There are some good harmony manuals out there, but I have yet to find one that is complete or without nonsense statements (usually wrong analysis of a passage, not recognising the mode that composer used).

http://imslp.org/wiki/Guide_to_the_Practical_Study_of_Harmony_(Tchaikovsky,_Pyotr)

For 20th century harmony, get _one _of these: "Materials and Techniques of 20th Century Music" or "Introduction to Post-Tonal Theory", or "Twentieth-Century Harmony: Creative Aspects and Practice", or "Understanding Post-Tonal Music", or download this:
https://archive.org/details/harmonicmaterial00hans
For "out of the world" stuff like Xenakis or Stockhausen, check their articles, interviews and books.


----------



## EdwardBast

BabyGiraffe said:


> Use Wikipedia - there are many great articles that are compiled from different harmonic manuals and historical theories.
> 
> *Beethoven usually uses the resources of the Ionian (Natural major), Aeolian (Natural minor), Melodic minor and Harmonic Minor scales. You can encounter some Neapolitan cadences and Double harmonic cadences in his music, but he is not really using these modes melodically (or at least I can't remember hearing them). His late works are derived from dissonant pitch class sets, so you forget about normal analysis and use pitch class set calculator.
> There are some good harmony manuals out there, but I have yet to find one that is complete or without nonsense statements (usually wrong analysis of a passage, not recognising the mode that composer used).*
> 
> http://imslp.org/wiki/Guide_to_the_Practical_Study_of_Harmony_(Tchaikovsky,_Pyotr)
> 
> For 20th century harmony, get _one _of these: "Materials and Techniques of 20th Century Music" or "Introduction to Post-Tonal Theory", or "Twentieth-Century Harmony: Creative Aspects and Practice", or "Understanding Post-Tonal Music", or download this:
> https://archive.org/details/harmonicmaterial00hans
> For "out of the world" stuff like Xenakis or Stockhausen, check their articles, interviews and books.
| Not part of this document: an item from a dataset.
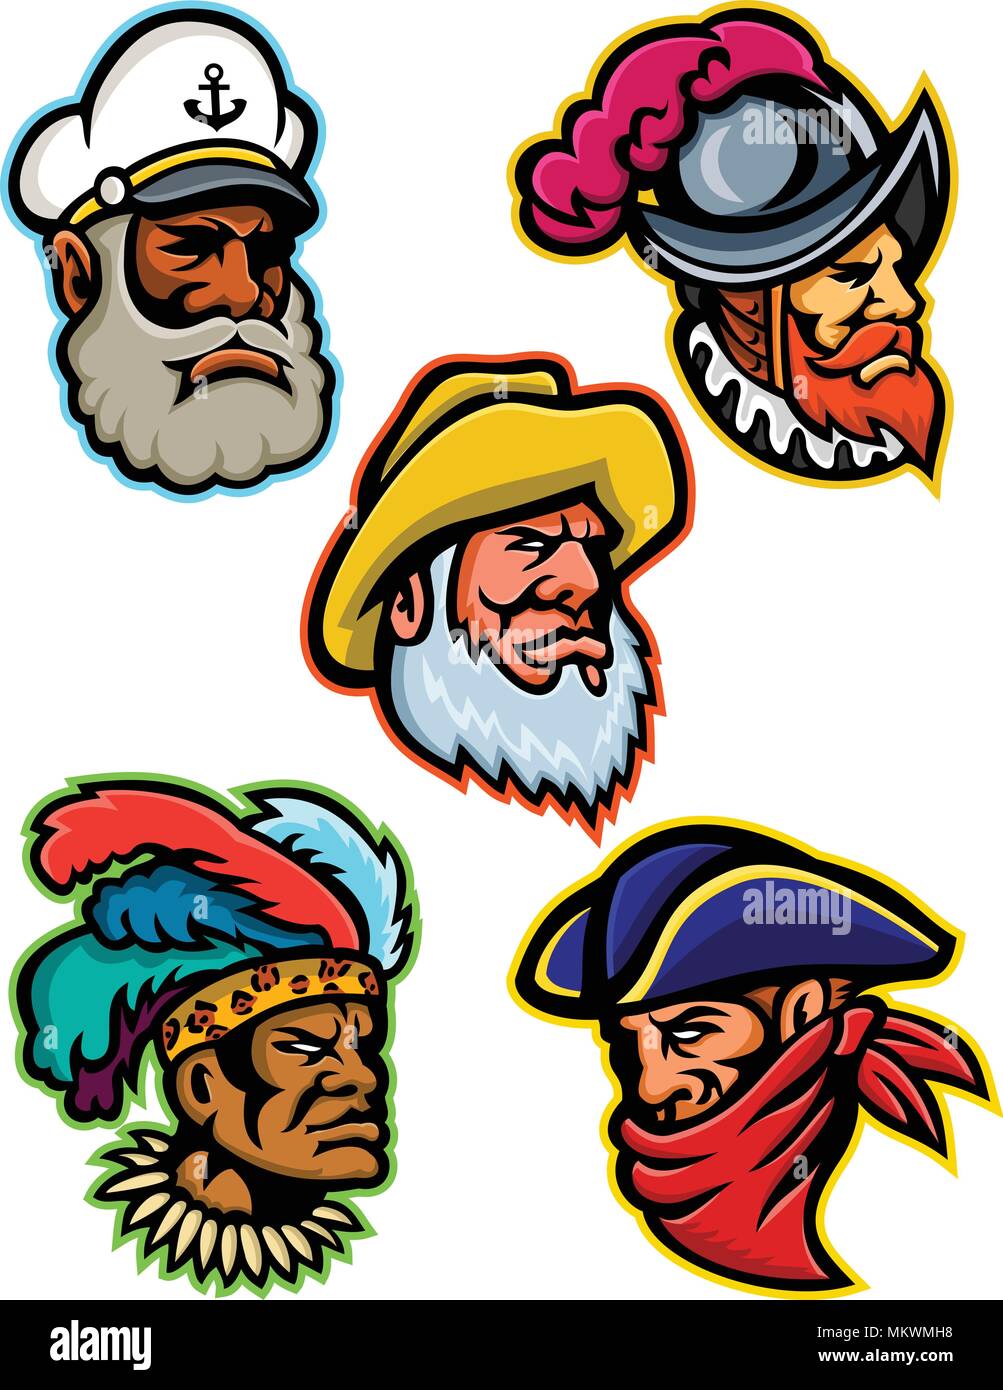 L'icône illustration mascotte ensemble de têtes d'un conquistador ou explorer, capitaine ou patron, le vieux pêcheur, et un guerrier zoulou 379 ou brigand. Illustration de Vecteur

Ignore the bold portion of the above. None of the technical terms are used in a meaningful way and some of it is complete nonsense. The bit about Beethoven's late works being "derived from dissonant pitch class sets, so you forget about normal analysis" is so ridiculously wrong it should stop you from taking any of this post seriously. Late Beethoven is routinely analyzed using the standard vocabulary of common practice music.

Any decent undergraduate harmony book (Walter Piston, Kostka-Payne) is a good place to begin, but since written exercises are a critical part of a course of study, one should have a teacher or someone to check your work and offer advice and criticism. Studying counterpoint is just as important as studying harmony, but most theory programs start with harmony and do counterpoint as upper level undergraduate work.

How to find someone to guide the study of harmony is tricky. Do you live near or have contact with a university or college where music is taught?


----------



## millionrainbows

Use the white notes of the piano as a "template," and it is all laid out for you. Then you can apply this template to other keys.

Just make simple 3-note triads on each step.

C-D-E-F-G-A-B (major keys) is I-ii-iii-IV-V-vi-vii.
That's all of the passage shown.